*** Opening of GIVEN MATERIAL ***

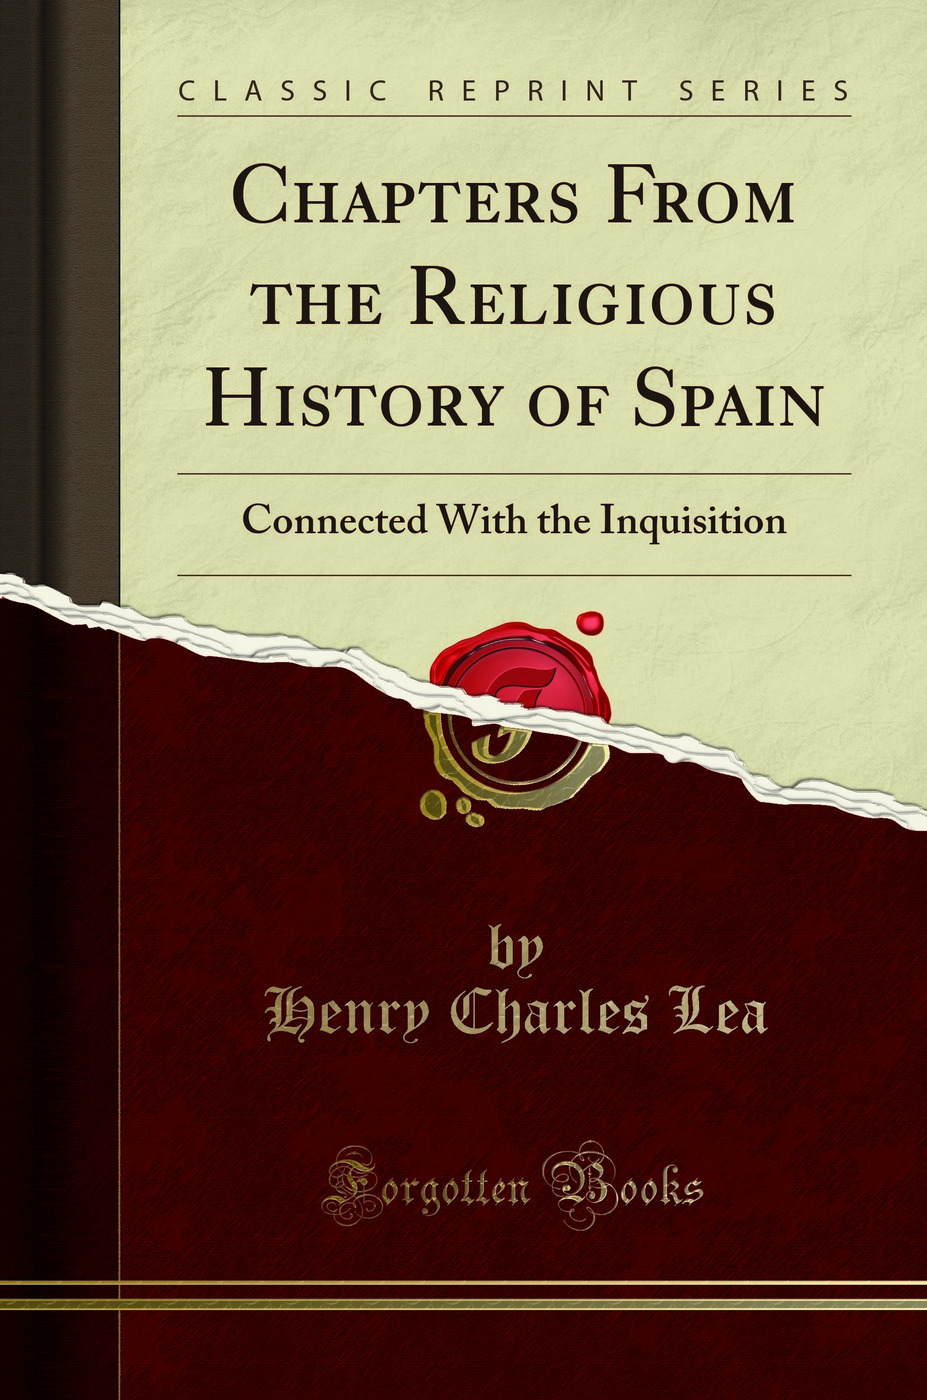 Chapters From the Religious History of Spain: Connected With the Inquisition - Henry Charles Lea
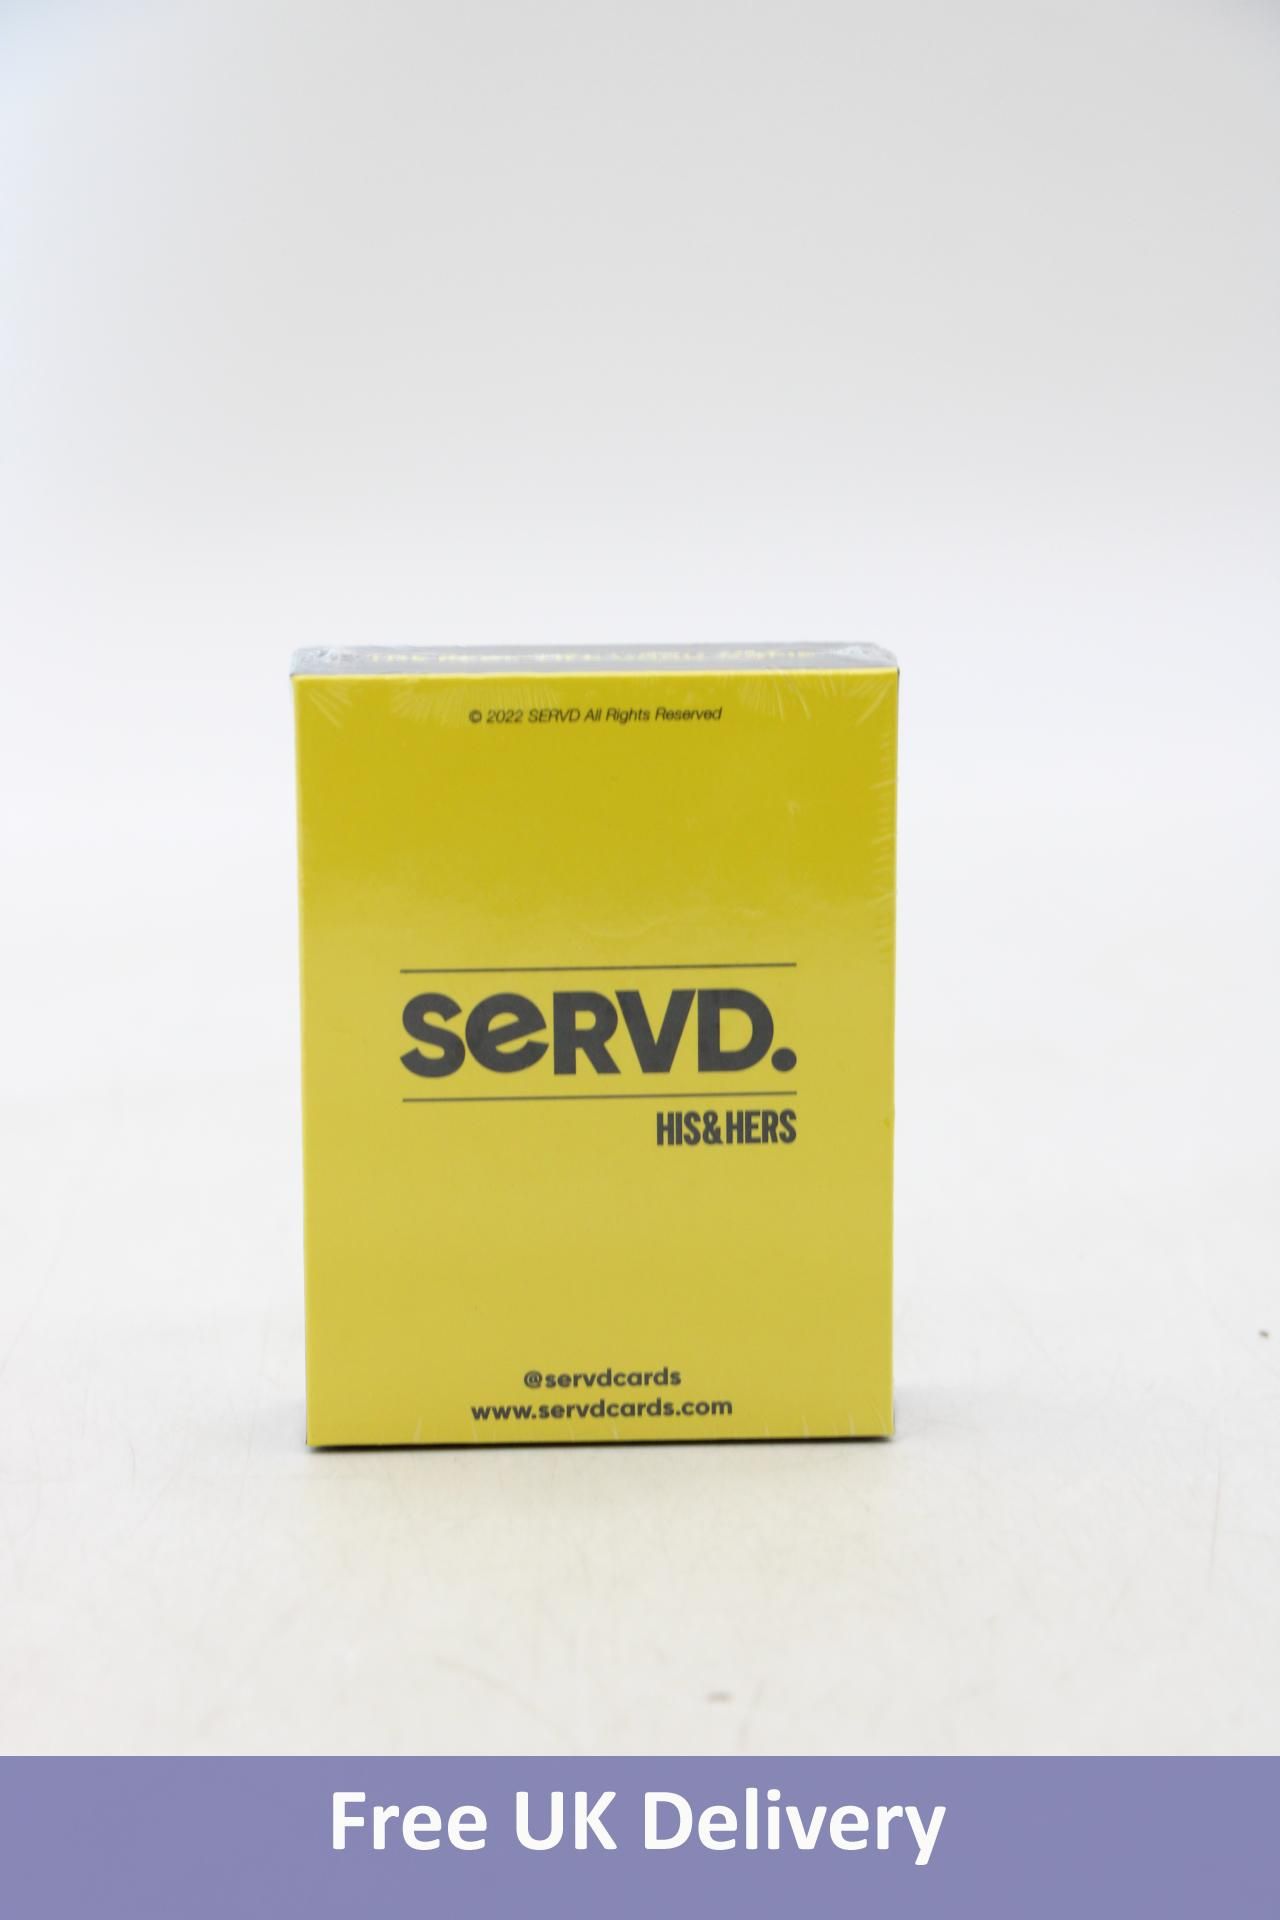 Twenty-four packs of Servd His & Her, The Hilarious Real-Life Couples Card Game - Image 5 of 8
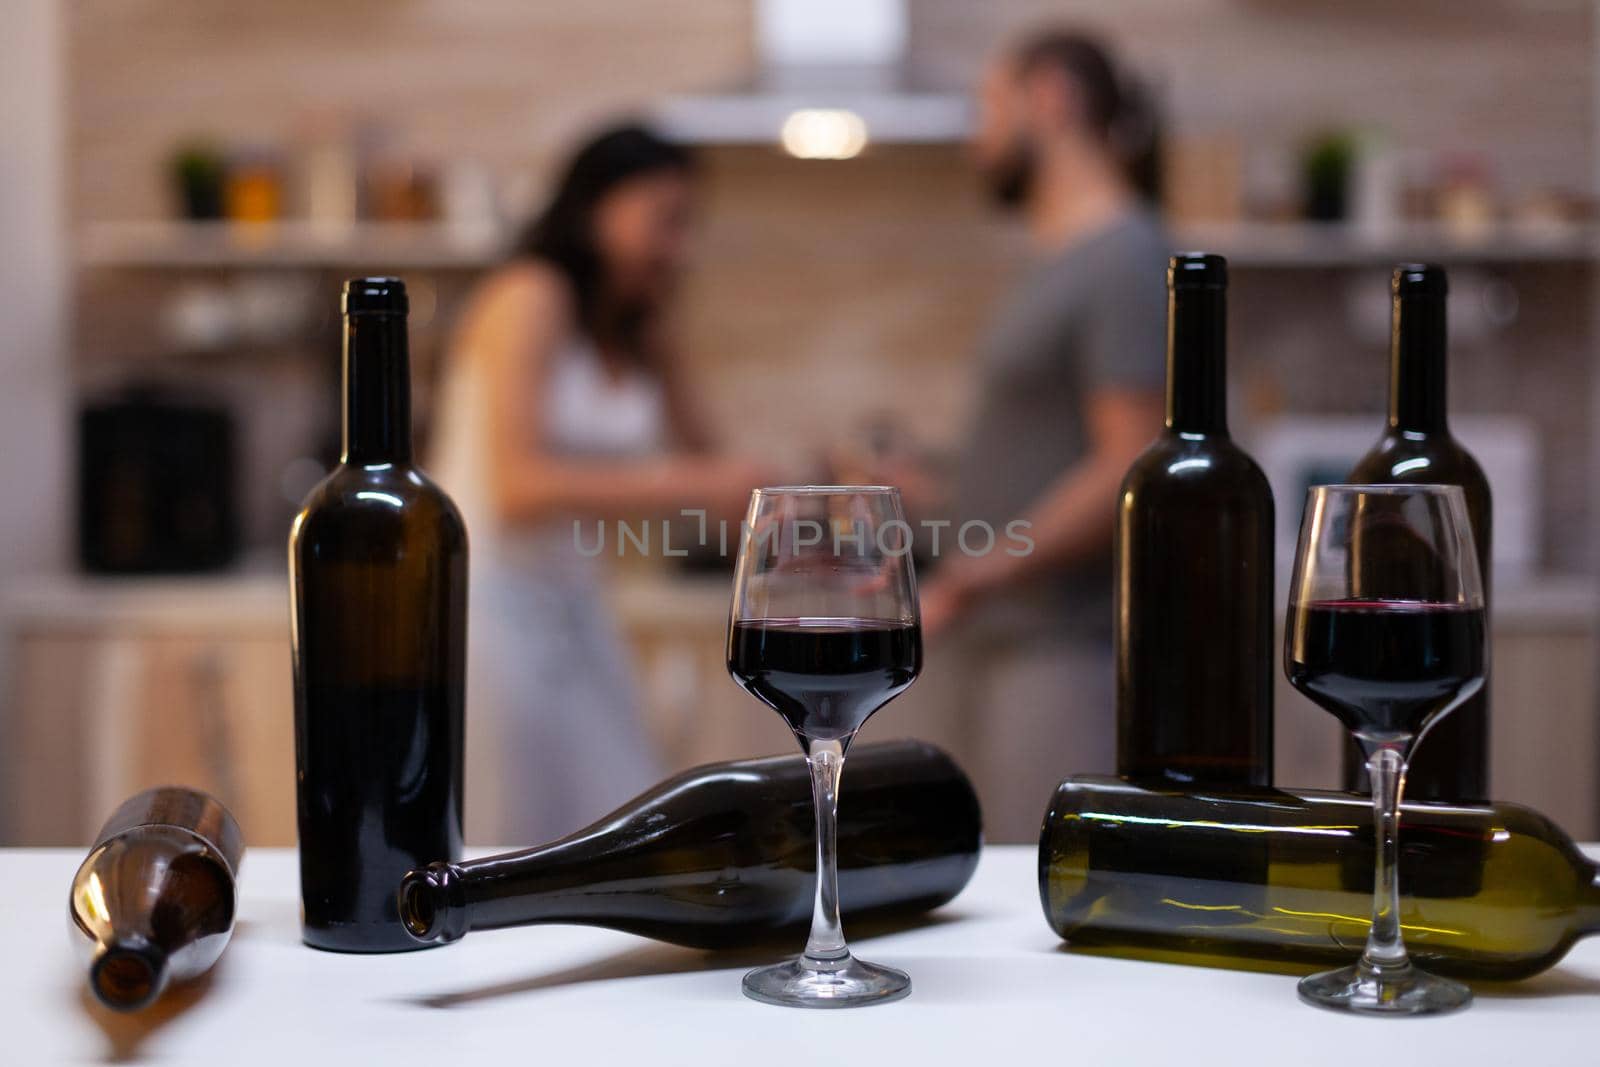 Close up of bottles and glasses filled with wine, liquor, booze and alcoholic beverage for alcohol addicts in background chatting. Intoxicated drunk people with unhealthy addiction

*** Close of GIVEN MATERIAL ***

From the line with "Twenty-four packs of" to the last line of the material, both inclusive, set down every line exactly and nothing else; omit pictures.

ANSWER FOR THIS EXERCISE →
 Twenty-four packs of Servd His & Her, The Hilarious Real-Life Couples Card Game - Image 5 of 8
 Close up of bottles and glasses filled with wine, liquor, booze and alcoholic beverage for alcohol addicts in background chatting. Intoxicated drunk people with unhealthy addiction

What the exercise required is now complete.